# Long Range Archery moving to Holland?



## thill (Aug 23, 2006)

I'm pretty sure I saw a sign on the way to work saying Long Range Archery was moving to Holland. 

Can anyone confirm this?

Being from Holland, I think it's cool!


----------



## Matt V (Dec 8, 2004)

Sunday was there last day at the Muskegon store. I think they said the new store in Holland would open up the second week of August? They had a "clearance sale" at Muskegon store last week, which brought their price's down to about what everyone else normally charge's.


----------



## swamptromper (Sep 10, 2006)

Where was the sign ?

It would be nice to have a full service shop and range in this city.


----------



## GVDocHoliday (Sep 5, 2003)

Matt V said:


> They had a "clearance sale" at Muskegon store last week, which brought their price's down to about what everyone else normally charge's.


Snap


----------



## Carpmaster (Apr 1, 2004)

Welcome to overpriced products and services with a frown and attitude! :lol:


----------



## thill (Aug 23, 2006)

swamptromper said:


> Where was the sign ?
> 
> It would be nice to have a full service shop and range in this city.


 
Facing highway 31 across the highway from the west shore mall.


----------



## Limbender (Sep 13, 2006)

From what I understand it is under new ownership but some of the employees are making the move. The store is on Van Ommen Drive and James St on the west side of 31.


----------



## Itchin' to go (Oct 4, 2001)

Limbender said:


> From what I understand it is under new ownership but some of the employees are making the move. The store is on Van Ommen Drive and James St on the west side of 31.

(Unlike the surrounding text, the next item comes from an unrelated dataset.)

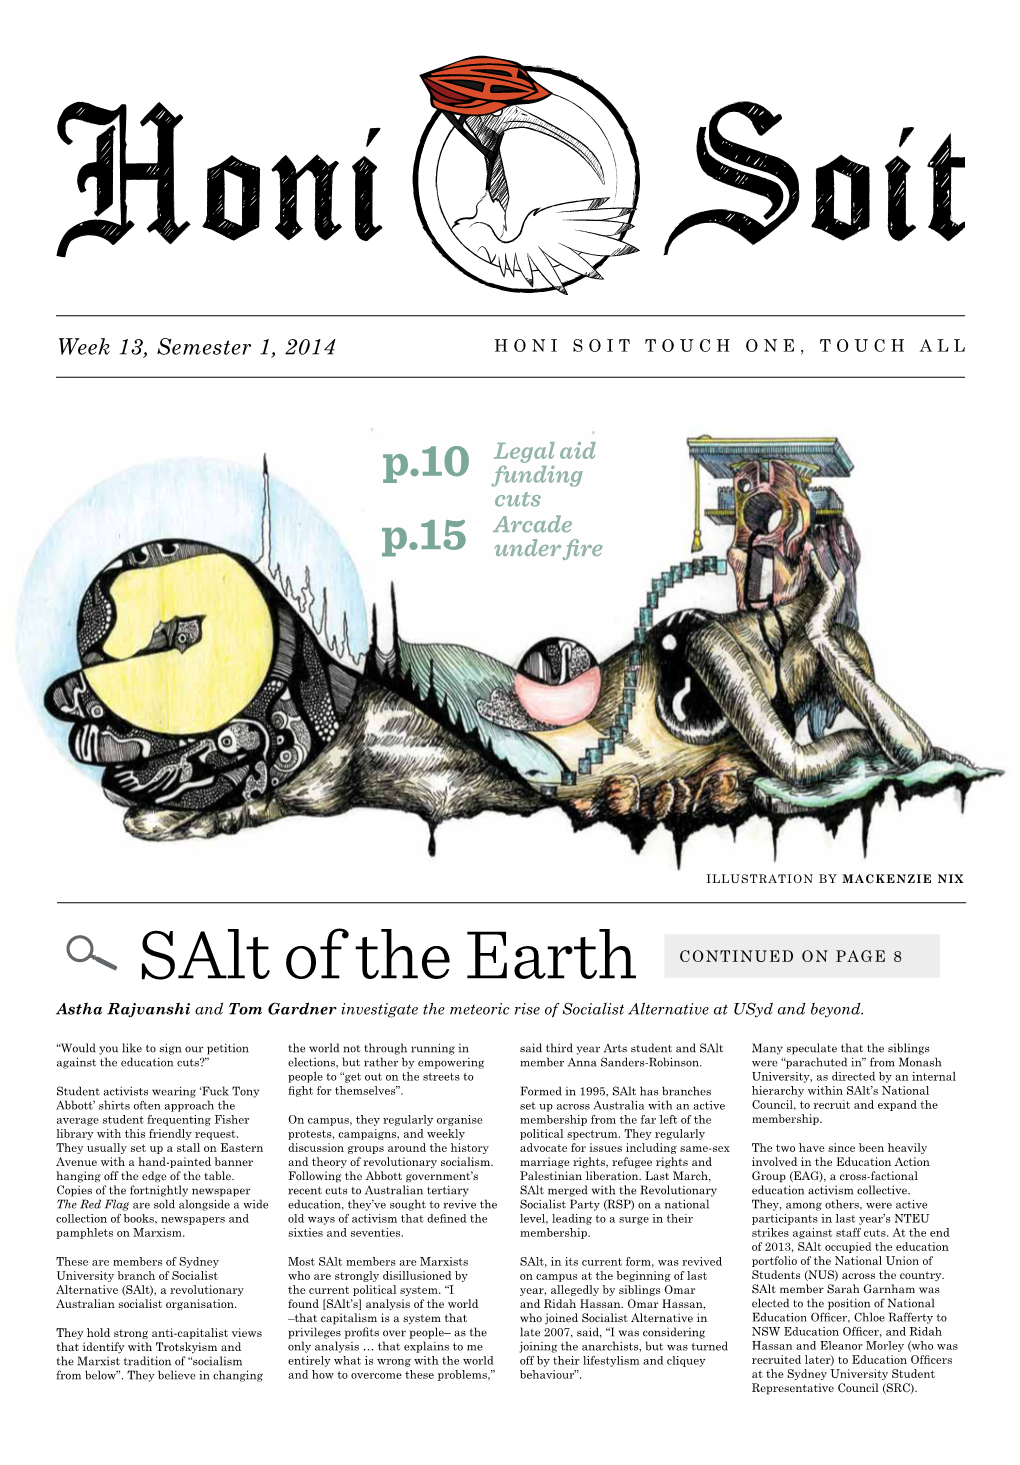 Salt of the Earth Continued on Page 8 Astha Rajvanshi and Tom Gardner Investigate the Meteoric Rise of Socialist Alternative at Usyd and Beyond

I knew they were moving, but I never heard they were changing owners?

Doesn't Steve still own it?

Ryan


----------



## PPTMMT (May 12, 2011)

Will they be open tomorrow? I heard from someone that they were trying to open aug. 8 but have their grand opening aug 20th? Can someone confirm that they will be open on the 8th?


----------



## Limbender (Sep 13, 2006)

I was told by a source close to it all that it is a new owner but Steve will be running the store. Not sure about the 8th. Grand opening is the 20th.
_Posted via Mobile Device_


----------



## PPTMMT (May 12, 2011)

Hm.. i might have to drive out there and see if they are open.


----------



## Matt V (Dec 8, 2004)

I drive by it every day, it looks like they are still working on the building.


----------



## Spartans8989 (Jan 28, 2009)

I always had pretty good service and luck when it was in twin lake. I'm happy to finally have a shop like that in Holland. Been a long time coming. Even considered trying to start my own at one time or another.


----------



## GVDocHoliday (Sep 5, 2003)

Limbender said:


> I was told by a source close to it all that it is a new owner but Steve will be running the store. Not sure about the 8th. Grand opening is the 20th.
> _Posted via Mobile Device_


Ditto, but he'll only be running it for a few months during the transition phase.


----------



## SAINTDANIEL (Dec 18, 2010)

stopped by there today,it is NOT open yet.


----------



## mcfish (Jan 24, 2010)

The new owner would be better served if he kept Mr. Grumpy from doing any customer service work. 

Here's hoping more people find out that Hesperia Sport Shop is the better choice in this neck of the woods anyway...


----------



## GVDocHoliday (Sep 5, 2003)

mcfish said:


> The new owner would be better served if he kept Mr. Grumpy from doing any customer service work.
> 
> Here's hoping more people find out that Hesperia Sport Shop is the better choice in this neck of the woods anyway...


Been into Hesperia once when I was searching for a draw module for an old PSE Mach pro that I had. They had all the modules I needed and didn't charge me a dime. Of course I had to go through the store and buy some things I always seem to never have enough of to make up for it. But I couldn't believe how nice of a place that was. Never even heard of it until I saw it in the PSE dealer list. 

I haven't been there since, mainly because its outta the way for me. But you mentioning it now, I may have to take a trip down there one of these days before season to stock up on stuff.


----------